This function asserts that there are no duplicate rows in the specified columns of a data frame. It groups the data frame by the specified columns, counts the number of unique values for each group, and checks if there are any groups with more than one row. If there are, it prints an error message and stops the execution (unless assertion_fail is set to "warn").

Usage

assert_no_duplicates_in_group(df, group_vars, assertion_fail = "stop")

Arguments

df

A data frame.

group_vars

A character vector of column names.

assertion_fail

A character string indicating the action to take if the assertion fails. Can be "stop" (default) or "warn".

Value

The input data frame.


Assert Message Based on Type

Description

This function asserts a message based on the type specified. It can either push the message to an AssertCollection, print a warning, or stop execution with an error message.

Usage

assertion_message(message, assertion_fail = "stop")

Arguments

message

A character string representing the message to be asserted.

assertion_fail

A character string indicating the action to take if the assertion fails. Can be an AssertCollection, "warning", or "stop" (default).

Value

None


Calculate the percentage of categories in a data vector

Description

This function calculates the percentage of each category in a given data vector and returns the top 10 categories along with their percentages. If the data vector is of Date class, it is converted to POSIXct. If the sum of the percentages is not 100%, an "Other" category is added to make up the difference, but only if the number of unique values exceeds 10. If the data vector is of POSIXct class and the smallest percentage is less than 1%, the function returns "Not enough occurrences."

Usage

calculate_category_percentages(data_vector)

Arguments

data_vector

A vector of categorical data.

Value

A character string detailing the top 10 categories and their percentages, or a special message indicating not enough occurrences or unsupported data type.

Examples

# Example with a character vector
data_vector <- c("cat", "dog", "bird", "cat", "dog", "cat", "other")
calculate_category_percentages(data_vector)

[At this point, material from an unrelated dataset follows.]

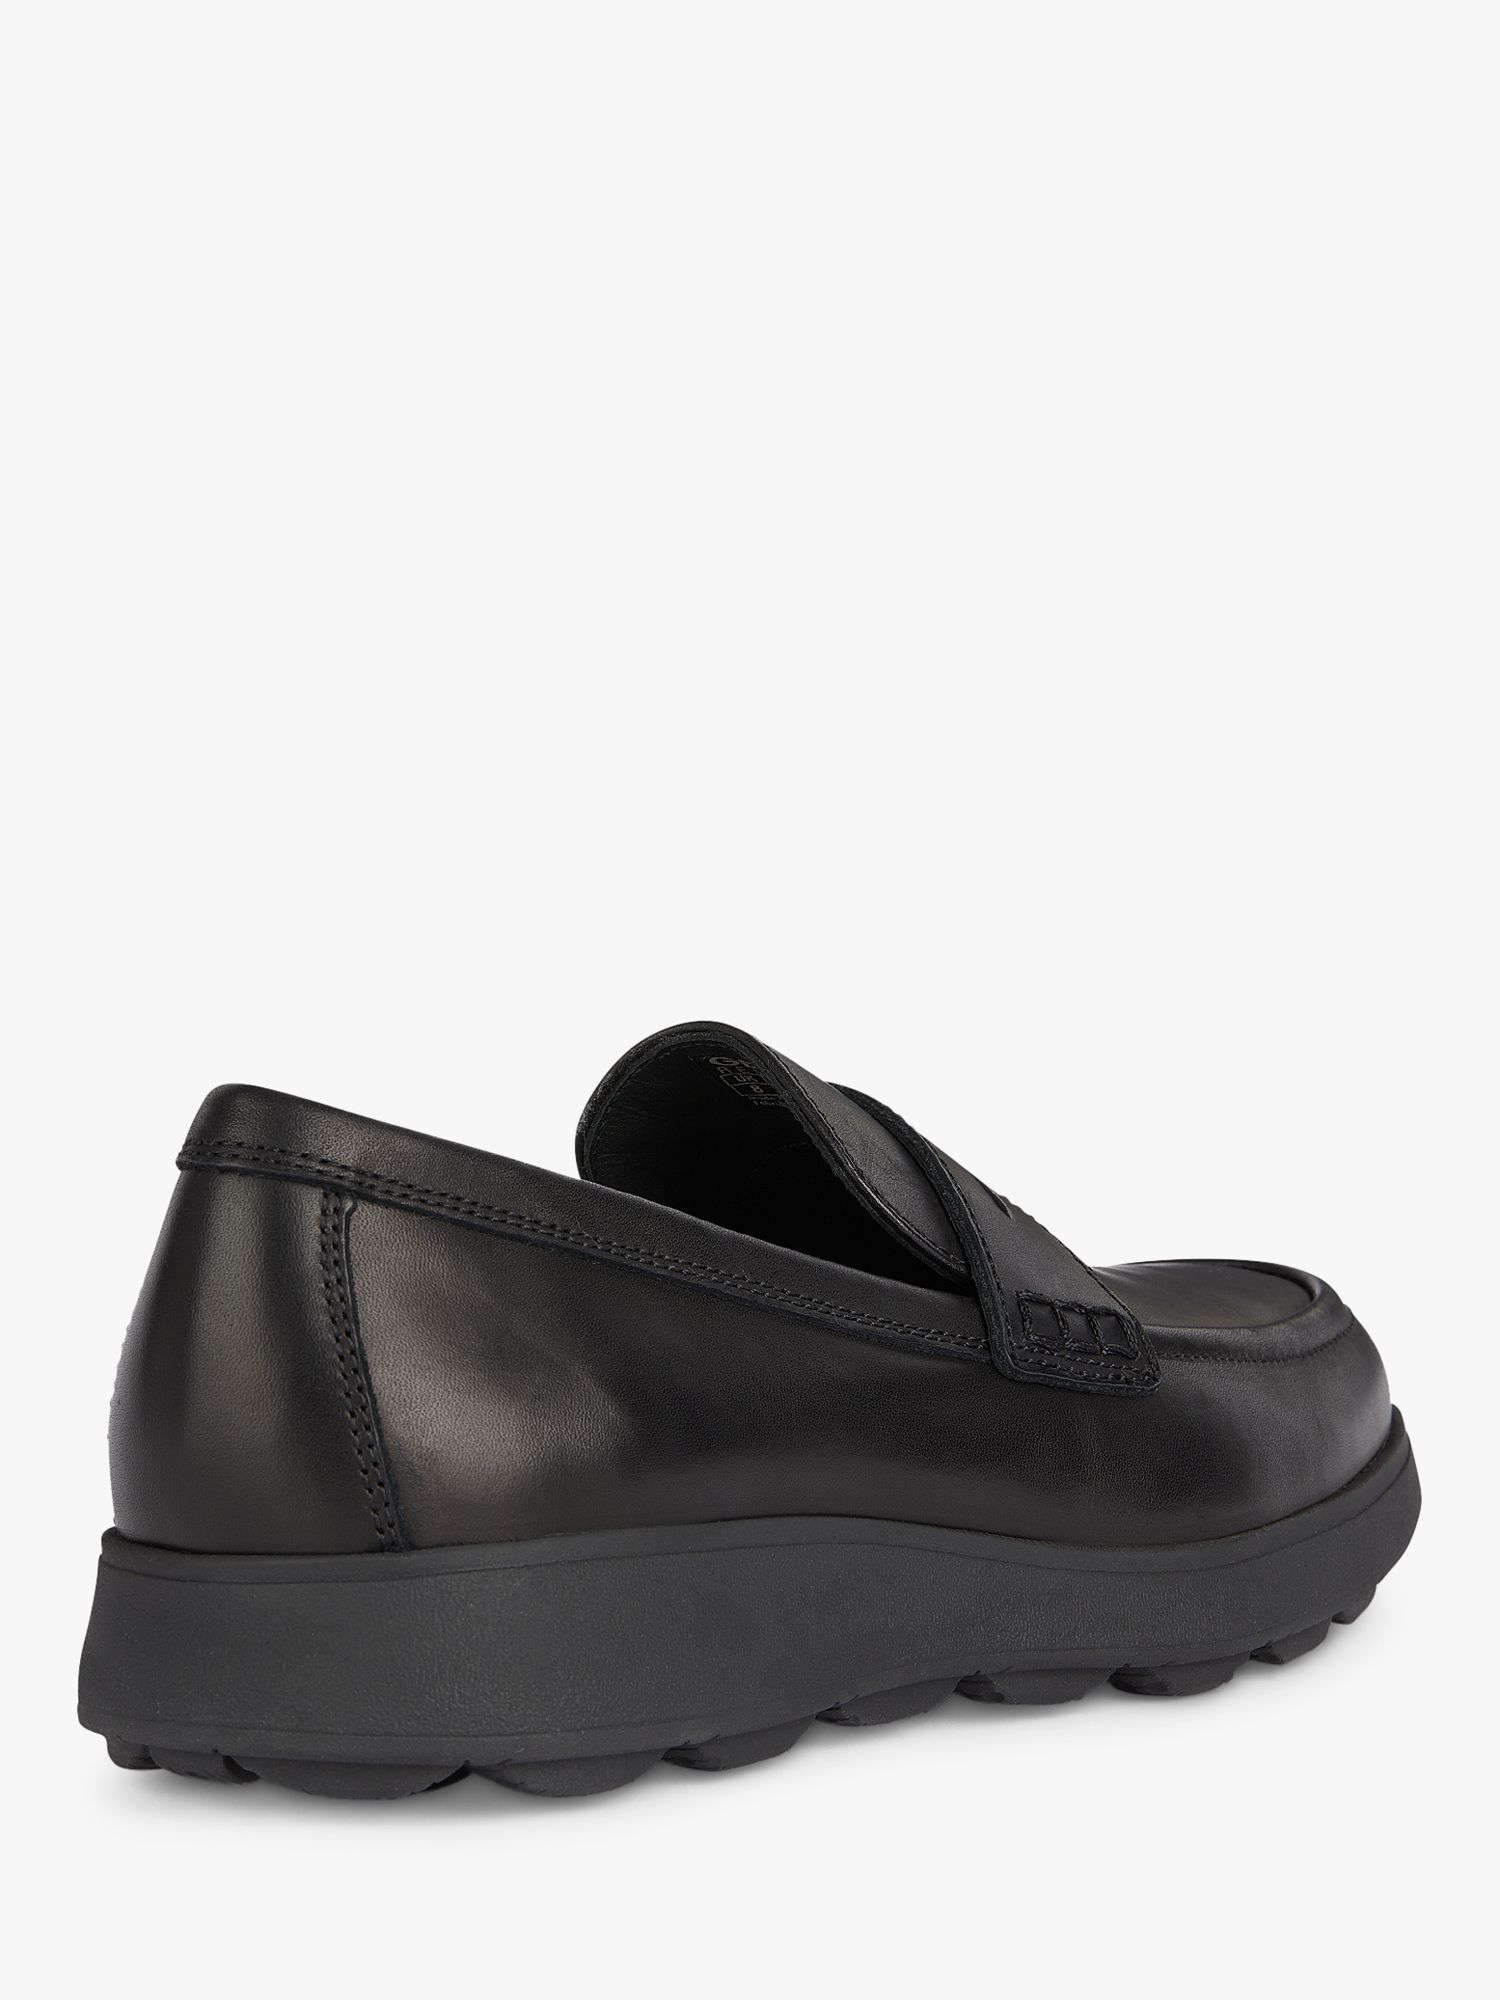 Geox Spherica EC10 Leather Loafers, Black, EU39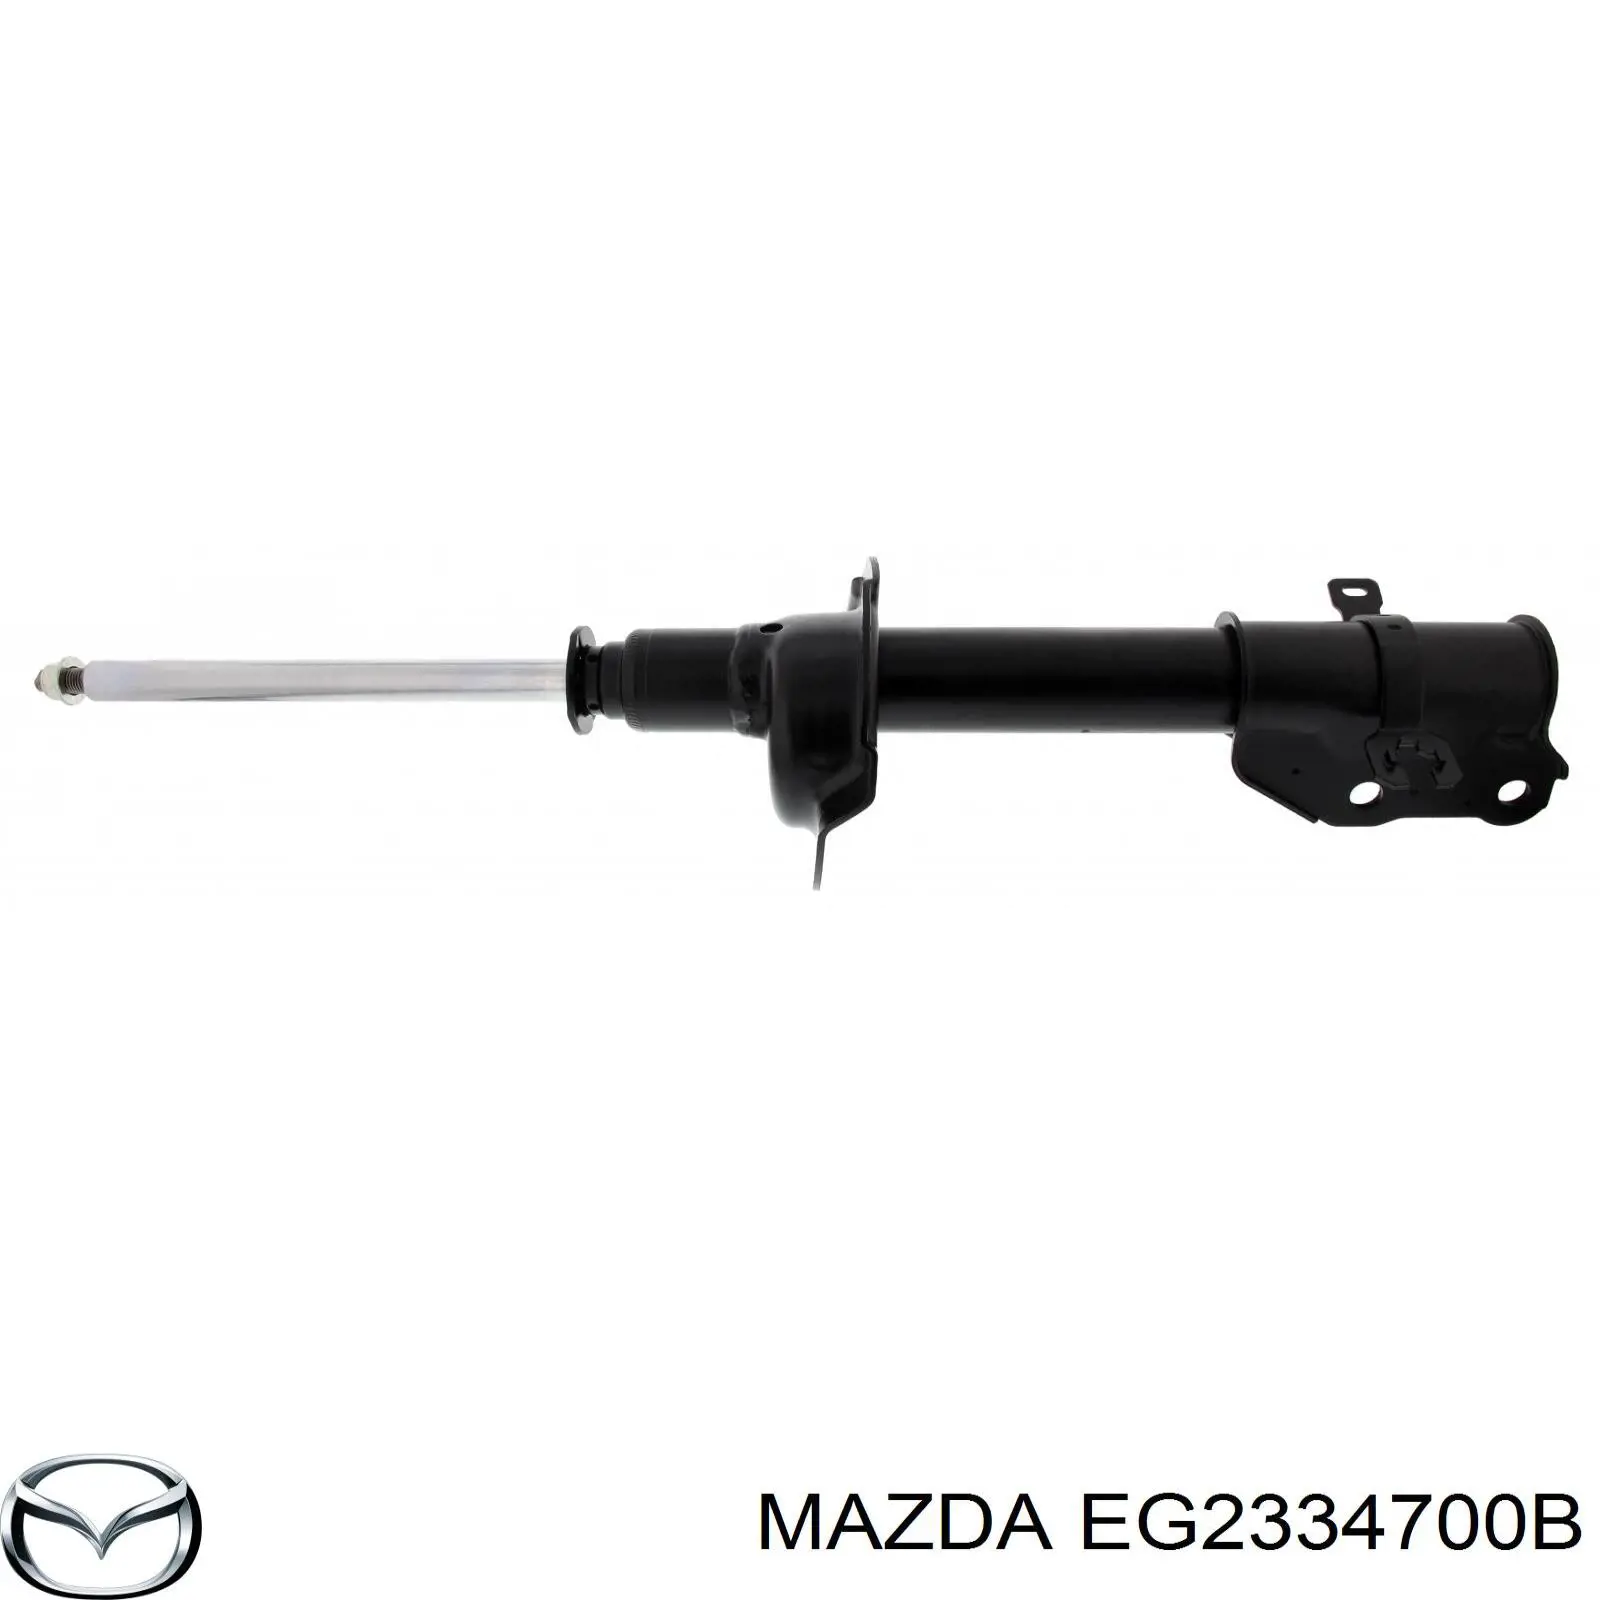 EG2334700B Mazda amortiguador delantero derecho

# Example with a Date vector
data_vector <- as.Date(c("2020-01-01", "2020-01-02", "2020-01-03"))
calculate_category_percentages(data_vector)

check double columns

Description

Check whether two dataframes have intersecting column names.

Usage

check_double_columns(x, y, connector = NULL)

Arguments

x

Data frame x.

y

Data frame y.

connector

The connector columns as strings. Also possible as vector.

Value

Message informing about overlap in columns between the dataframes.

See Also

Other tests: check_no_duplicates_in_group(), check_numeric_or_integer_type(), check_posixct_type(), duplicates_in_column(), test_all_equal()

Examples

check_double_columns(mtcars, iris)

Check for Duplicate Rows in Selected Columns

Description

This function checks if there are any duplicate rows in the specified columns of a data frame. It prints the unique rows and returns a boolean indicating whether the number of rows in the original data frame is the same as the number of rows in the data frame with duplicate rows removed.

Usage

check_duplicates(data, columns)

Arguments

data

A data frame.

columns

A character vector of column names.

Value

A logical value indicating whether the number of rows in the original data frame is the same as the number of rows in the data frame with duplicate rows removed.

Examples

# Create a data frame
df <- data.frame(a = c(1, 2, 3, 1), b = c(4, 5, 6, 4), c = c(7, 8, 9, 7))
# Check for duplicate rows in the first two columns
check_duplicates(df, c("a", "b"))

Check for columns with only NA values

Description

This function checks if there are any columns in the provided dataframe that contain only NA values. If such columns exist, their names are added to the provided collection.

Usage

check_na_columns(df, collection)

Arguments

df

A dataframe.

collection

A list to store the names of the columns with only NA values.

Value

The updated collection.

Examples

# Create a dataframe with some columns containing only NA values
df <- data.frame(a = c(1, NA, 3), b = c(NA, NA, NA), c = c(4, 5, 6))
collection <- checkmate::makeAssertCollection()
check_na_columns(df, collection)

Check for No Duplicate Rows

Description

This function checks if there are any duplicate rows in the provided dataframe. If there are duplicate rows, a message is added to the provided collection.

Usage

check_no_duplicate_rows(dataframe, collection, unique_columns = NULL)

Arguments

dataframe

A dataframe.

collection

A list to store the message if there are duplicate rows.

unique_columns

Default is NULL. If provided, these are the columns to check for uniqueness.

Value

The updated collection.

Examples

# Create a dataframe with some duplicate rows
dataframe <- data.frame(a = c(1, 1, 2), b = c(2, 2, 3))
collection <- checkmate::makeAssertCollection()
check_no_duplicate_rows(dataframe, collection, c("a", "b"))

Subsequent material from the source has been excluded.